Late last year, Netflix opted out of Apple’s fees, which can range from 15 percent to 30 percent. Analysts fear other companies will follow. And attorneys representing consumers in a pending Supreme Court case say Apple is a unfair monopoly in the market for iPhone apps. An adverse decision in that case could open a legal door that might eventually force Apple to cut its high commissions.
That could spell more bad news for Apple, which is already reeling from a slump in iPhone sales that has knocked down its shares by 25 percent. The company has been positioning its highly profitable digital-services business as its new profit making machine. That plan could hit a snag if the app store takes a big hit, it generates about a third of the company’s services revenue.
Investors are now hanging onto Apple services as a “life preserver in the choppy seas” just as it’s about to float away.
The app-store fees mostly hit app developers, though some pass along the costs to users of their iPhone apps. Spotify SPOT, -1.56% , used to tack $3 onto the cost of its $10-a-month paid service — but only for users who signed up via its iPhone or iPad app.

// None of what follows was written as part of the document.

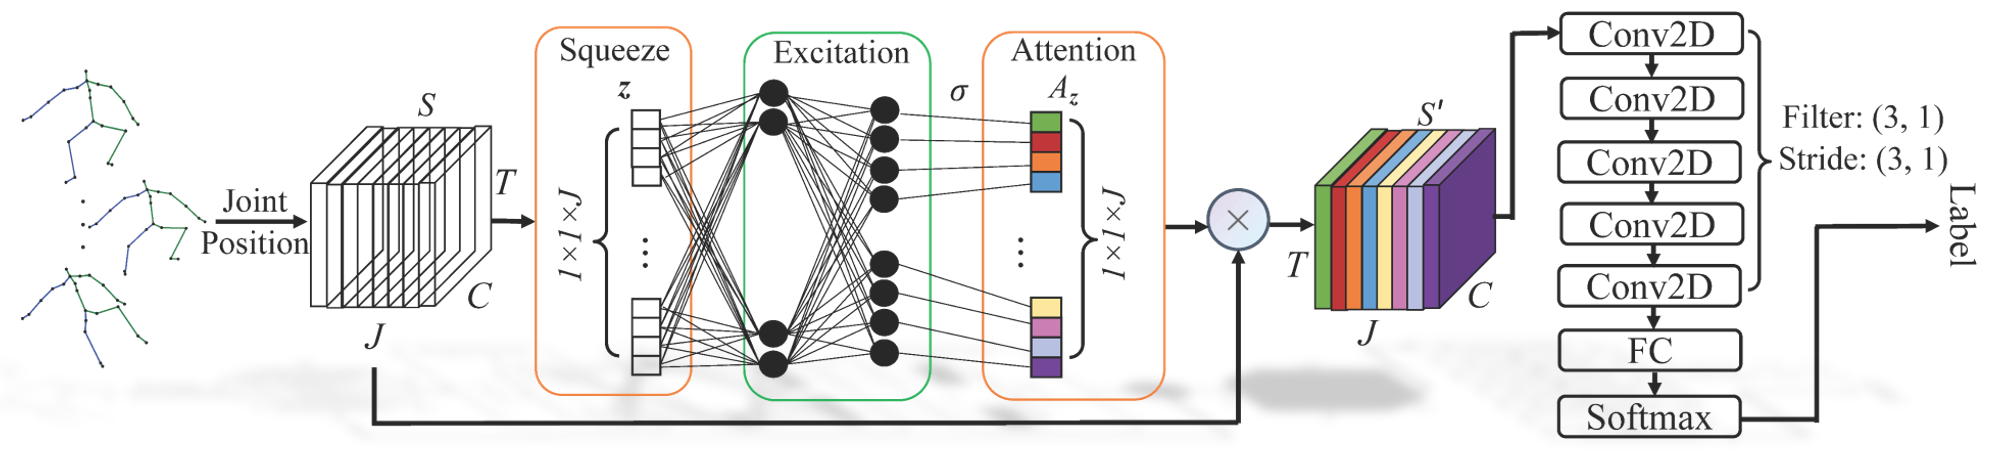 Interpreting Deep Learning Based Cerebral Palsy Prediction with Channel Attention

Apple has doubled down on digital services as consumers hang on to older iPhone models, hurting sales. Apple’s iPhone revenue this year is expected to drop by 15 percent from last year $141 billion.
Services, by contrast, are expected to generate about $46 billion in revenue this year, according to the same survey. Schachter estimates the app store will account for $16 billion of the services revenue. By those estimates, both services and app store revenue will have doubled in just three years.
Besides the app fees, Apple’s services division includes revenue from its Apple Music streaming service, iCloud storage, Apple Care, Apple Pay and ad commissions that Google pays to be the iPhone’s built-in search engine. Apple is also expected to roll out its own streaming-video service this spring, although few details are available.
The potential streaming competition from Apple may have triggered Netflix decision’s to bar customers from paying for new video subscriptions through its iPhone app. Instead, it directs users to its website, thus avoiding the extra fees. (Netflix did likewise with Google’s app store last year.)